==== Source data

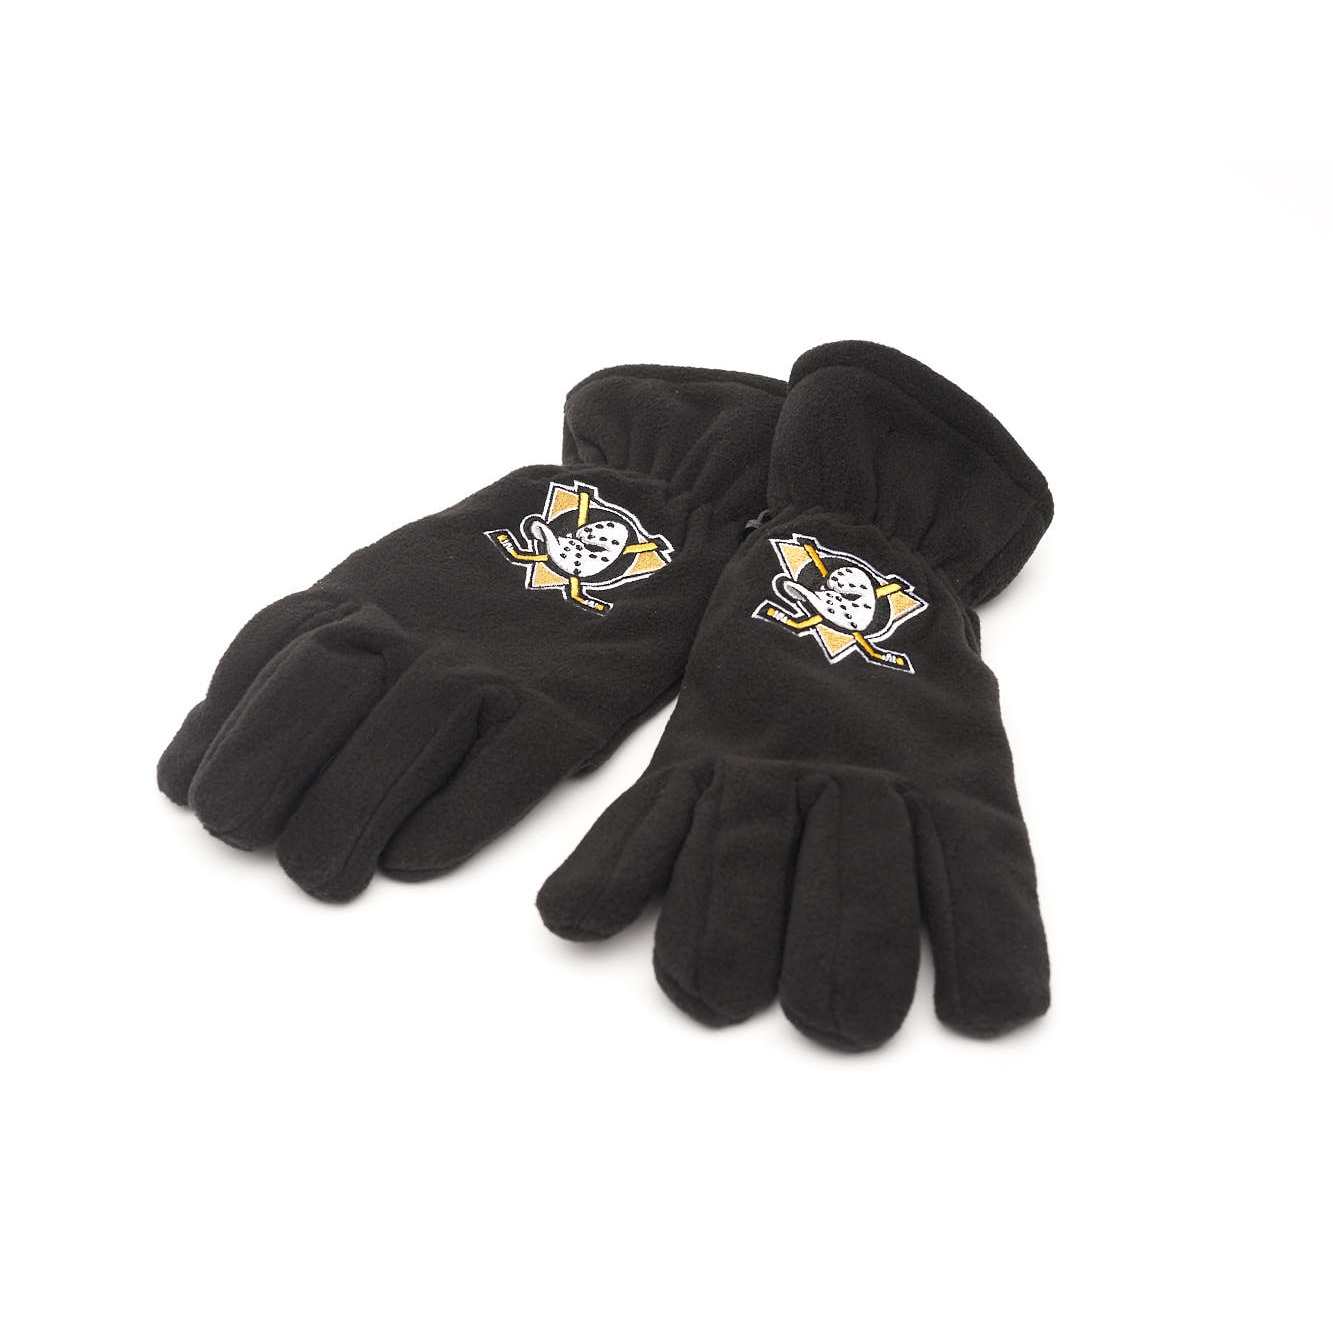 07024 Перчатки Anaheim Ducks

========
==== Source data

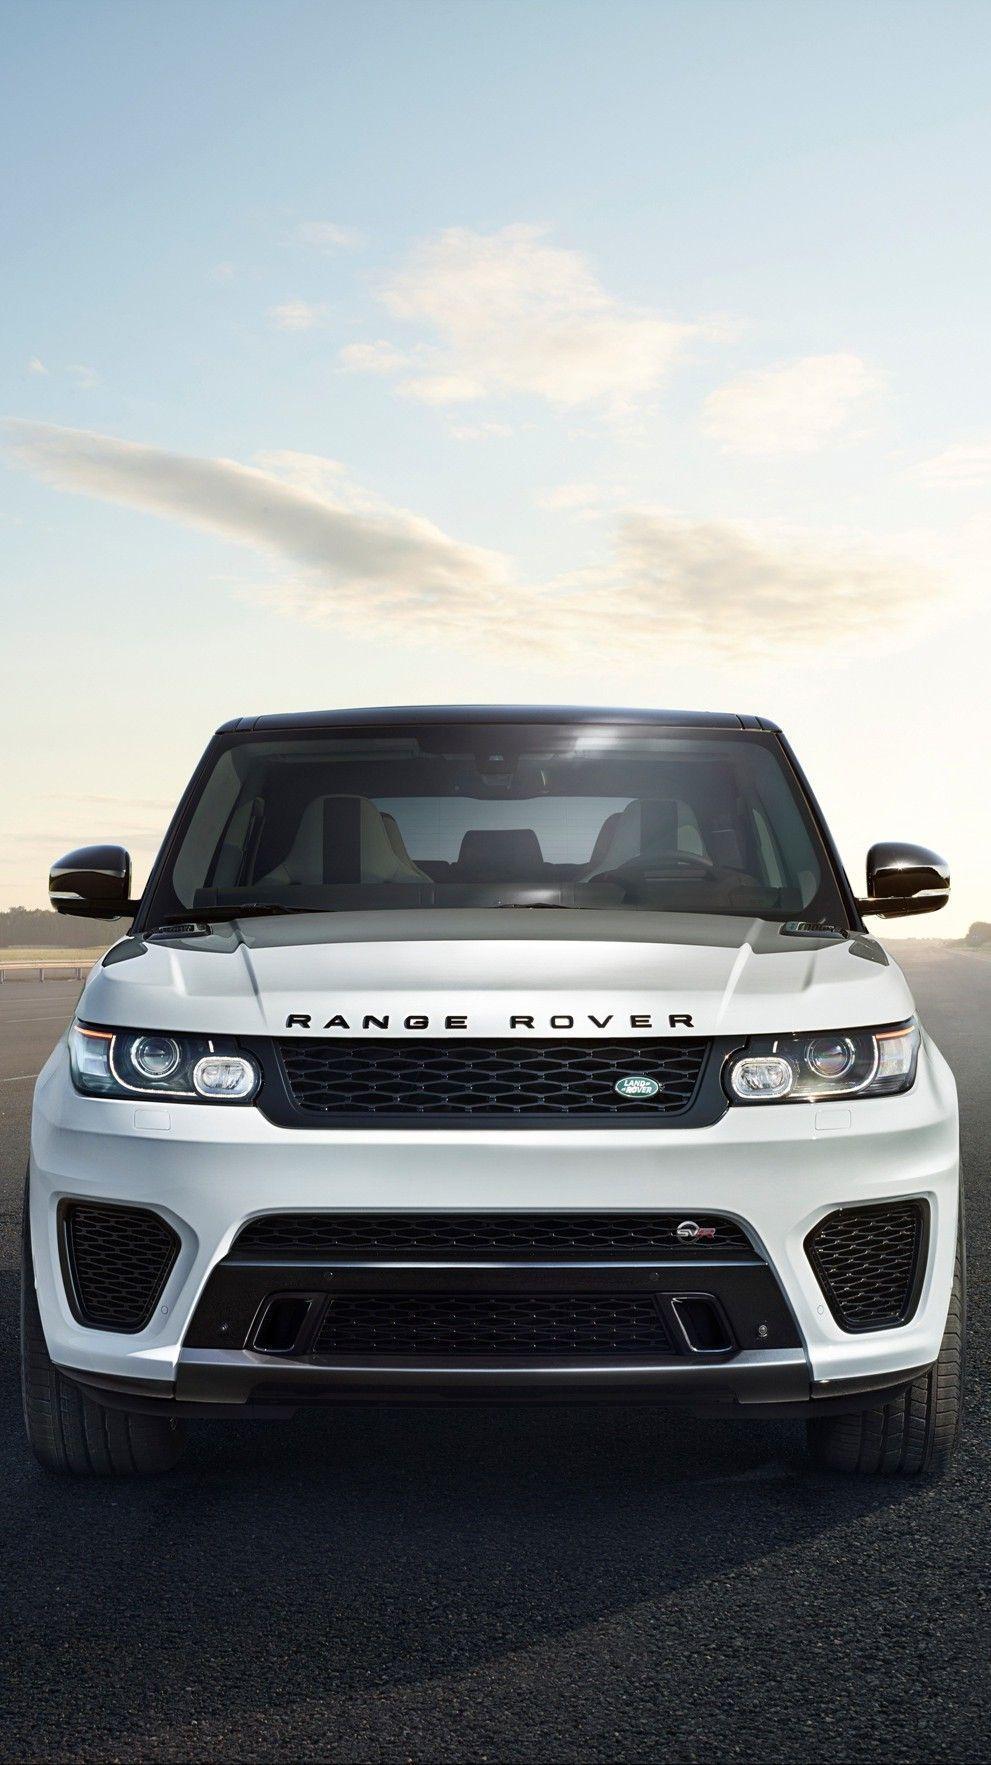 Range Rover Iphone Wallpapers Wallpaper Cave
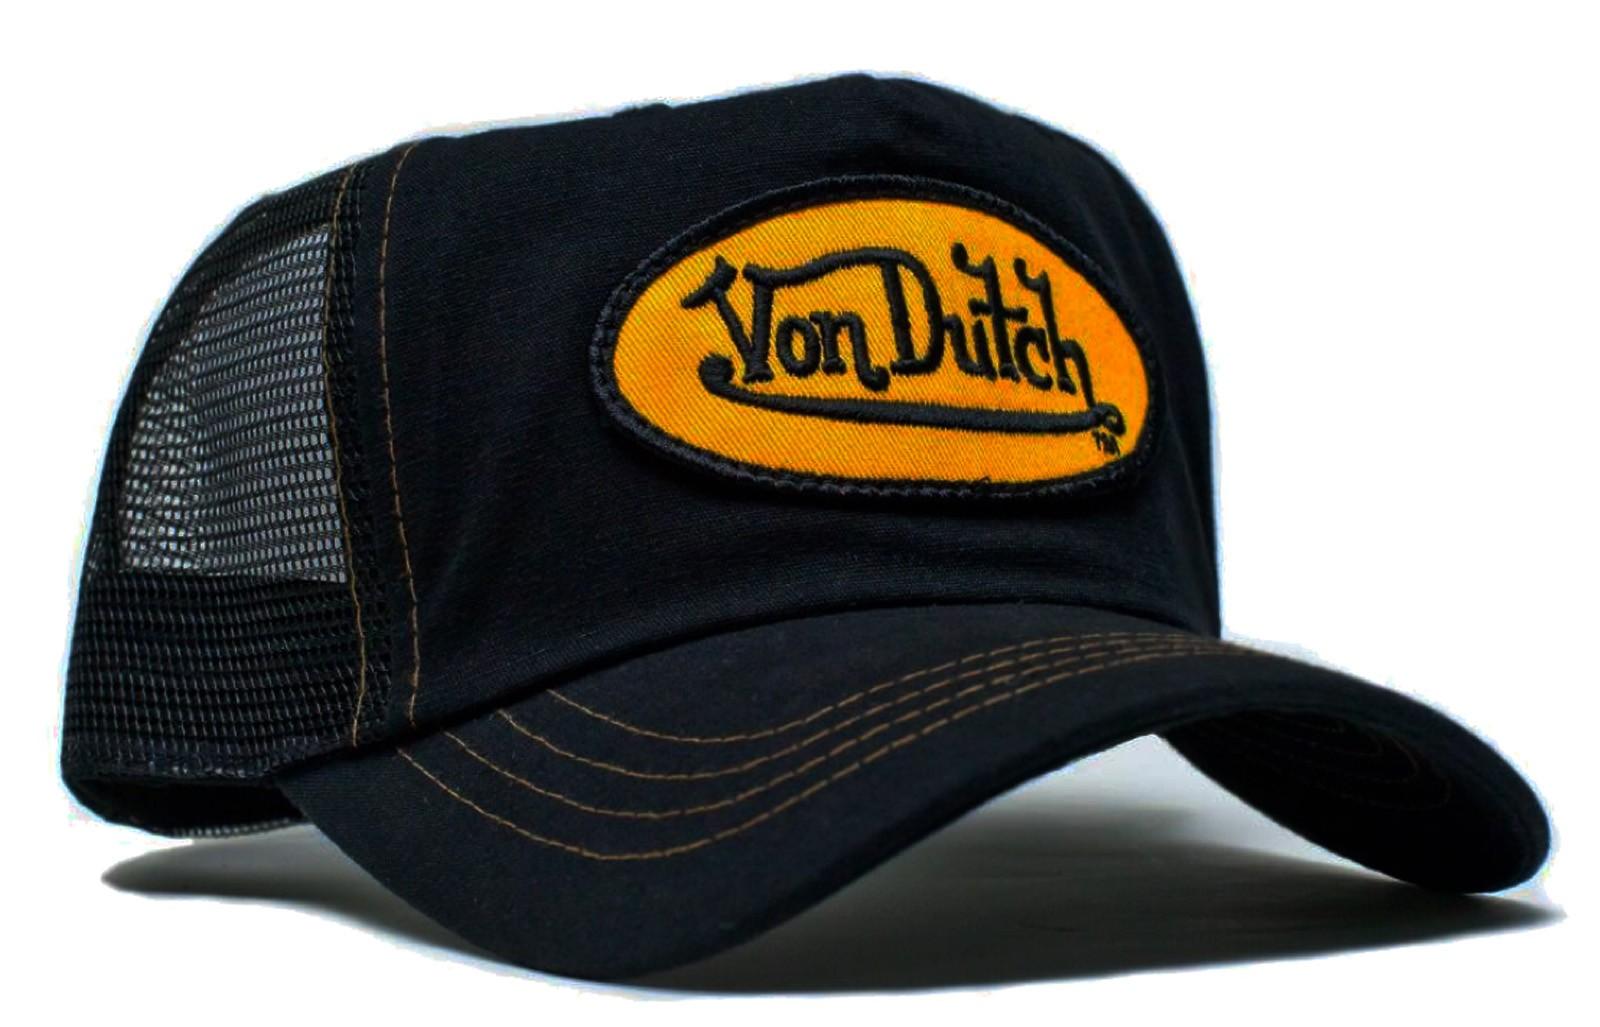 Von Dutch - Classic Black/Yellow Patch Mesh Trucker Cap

========

Above are some records. Output exactly the lines from the one that contains "Range Rover Iphone Wallpapers Wallpaper Cave" to the one that contains "Von Dutch - Classic", keeping both, and omit the pictures.

● Output of the task
 Range Rover Iphone Wallpapers Wallpaper Cave
 Von Dutch - Classic Black/Yellow Patch Mesh Trucker Cap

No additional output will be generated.